Assignment> Where the line holding "dwelling unit photos." appears, start copying, and continue exactly through the last line of the listing, skipping pictures.

Dataset content>
::::
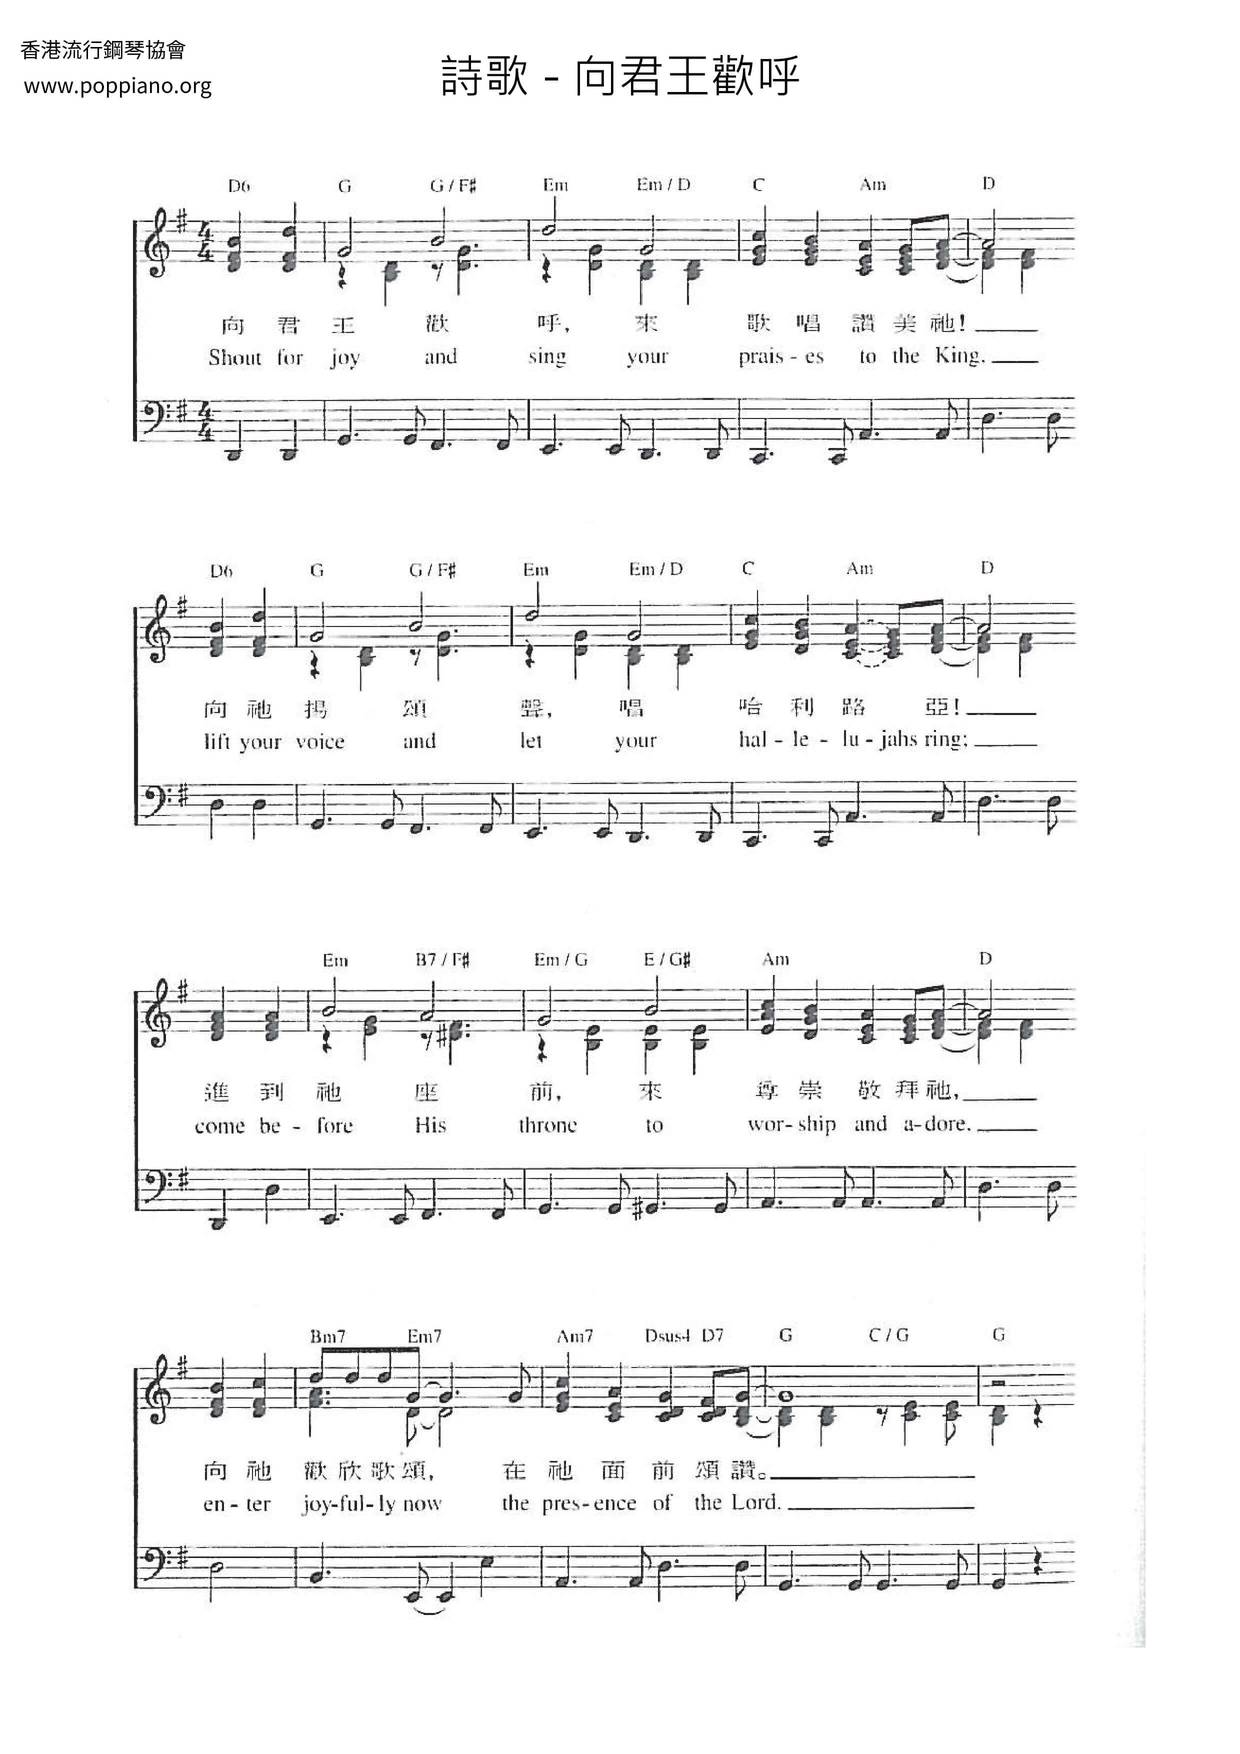 Shout for Joy Trumpet Fanfare and Melody Sheet music for Piano
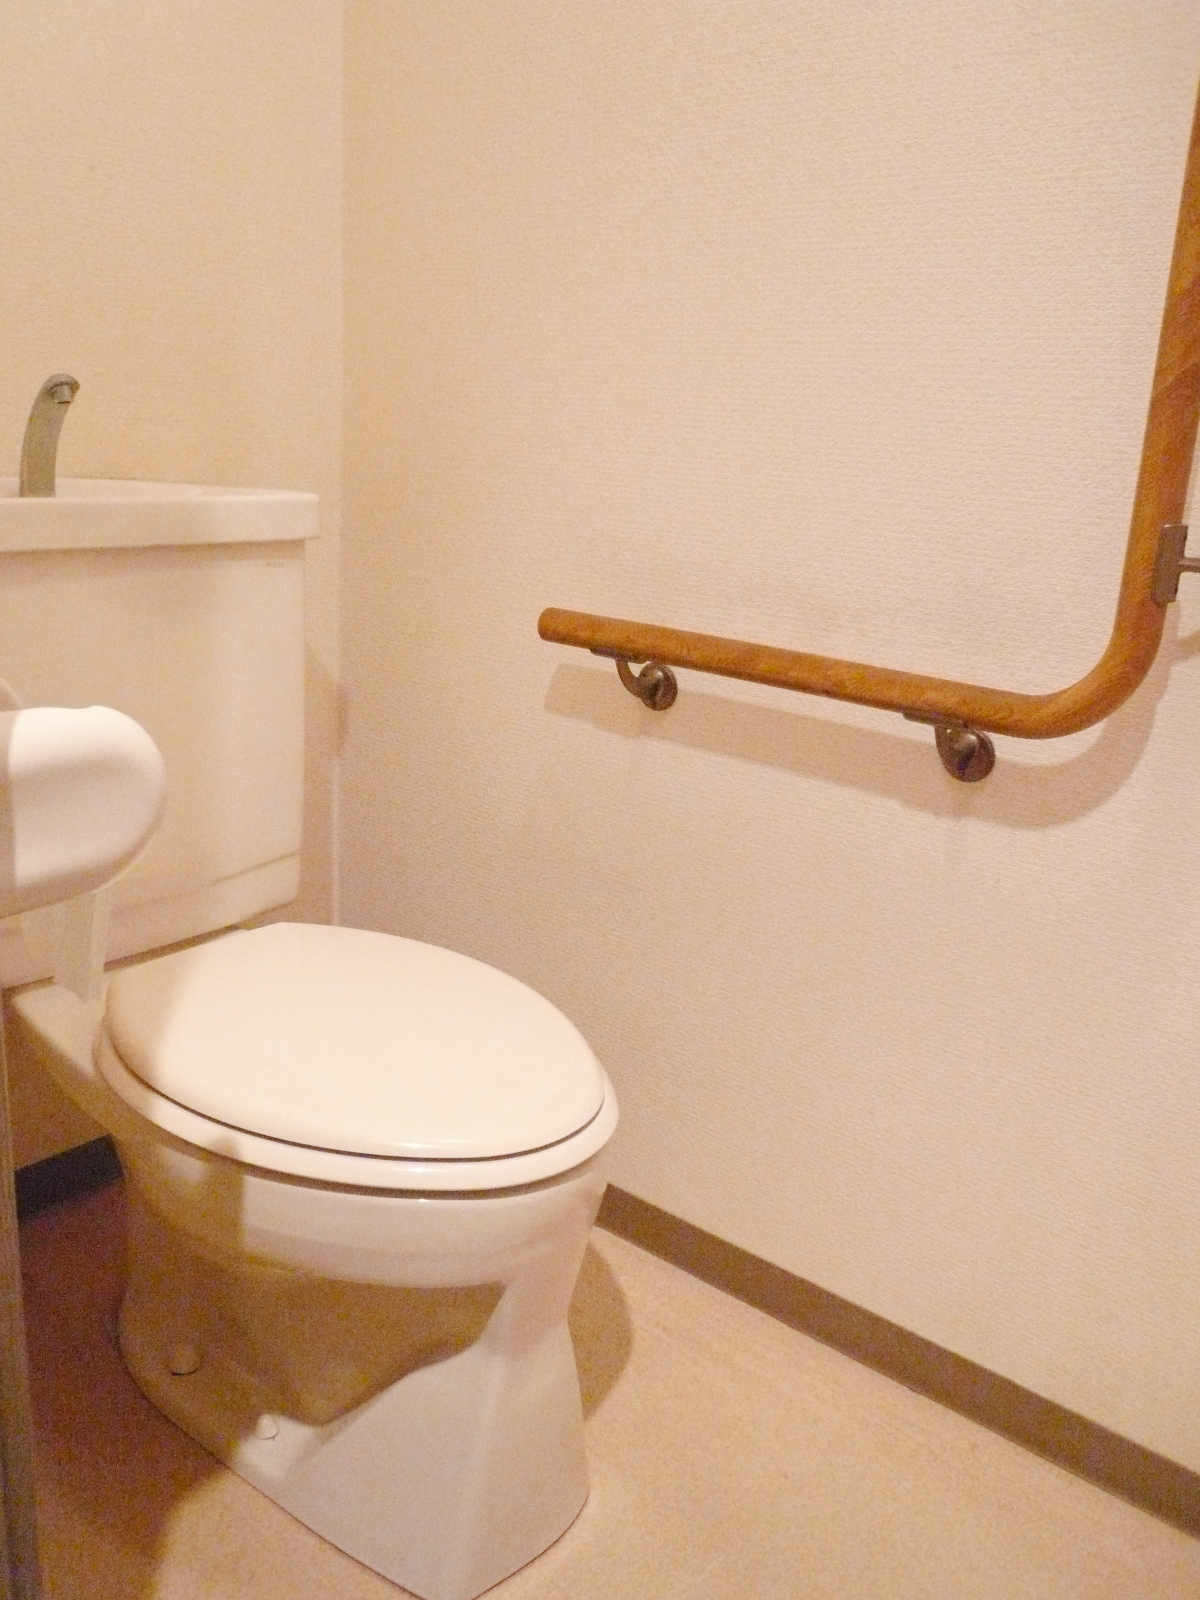 Toilet. toilet  The same type ・ It will be in a separate dwelling unit photos. 
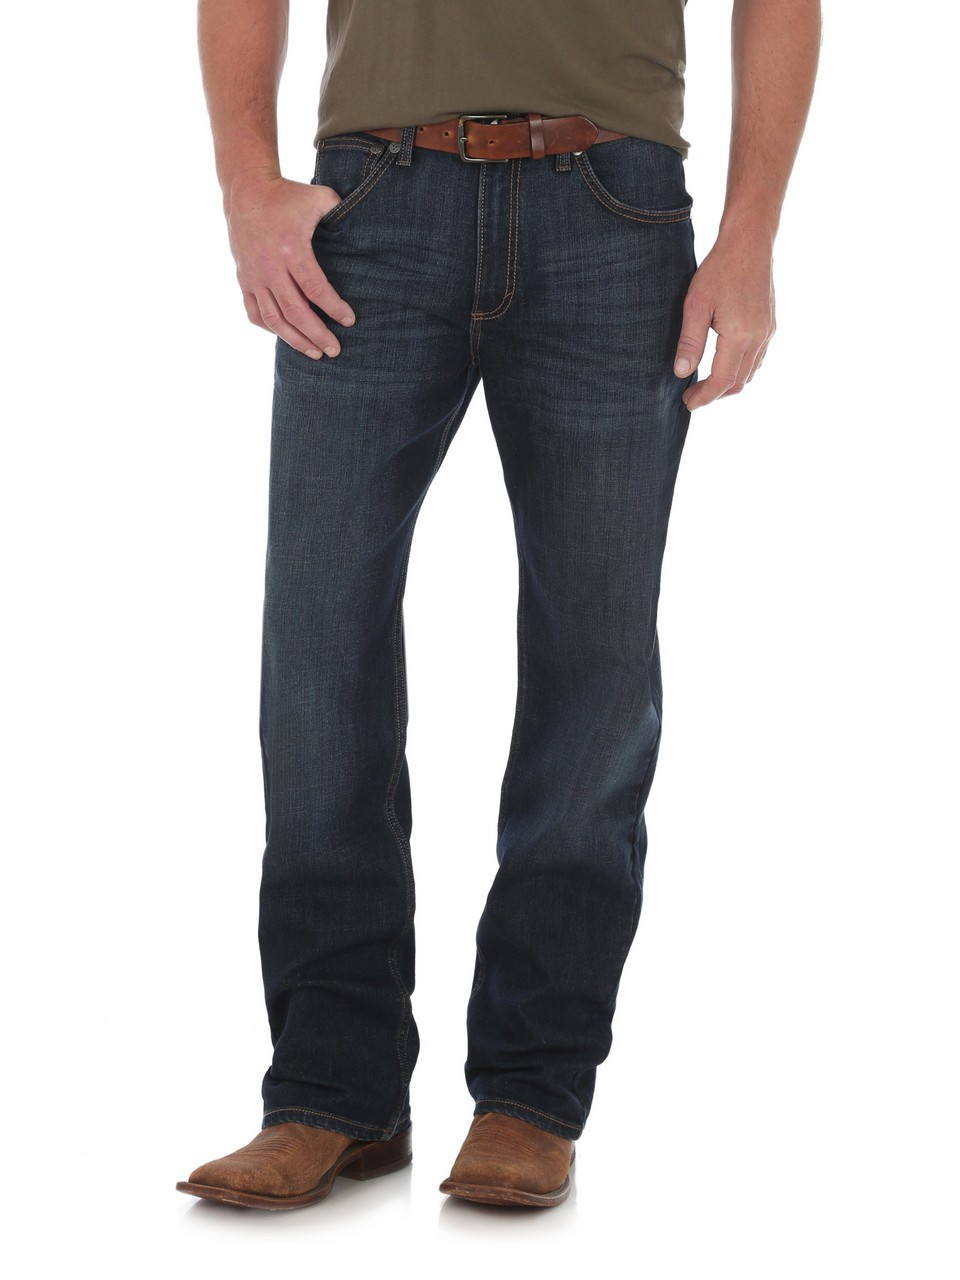 Wrangler 20X® Men's No. 33 Relaxed Fit Jeans
::::
Output of the exercise>
 Toilet. toilet  The same type ・ It will be in a separate dwelling unit photos. 
 Wrangler 20X® Men's No. 33 Relaxed Fit Jeans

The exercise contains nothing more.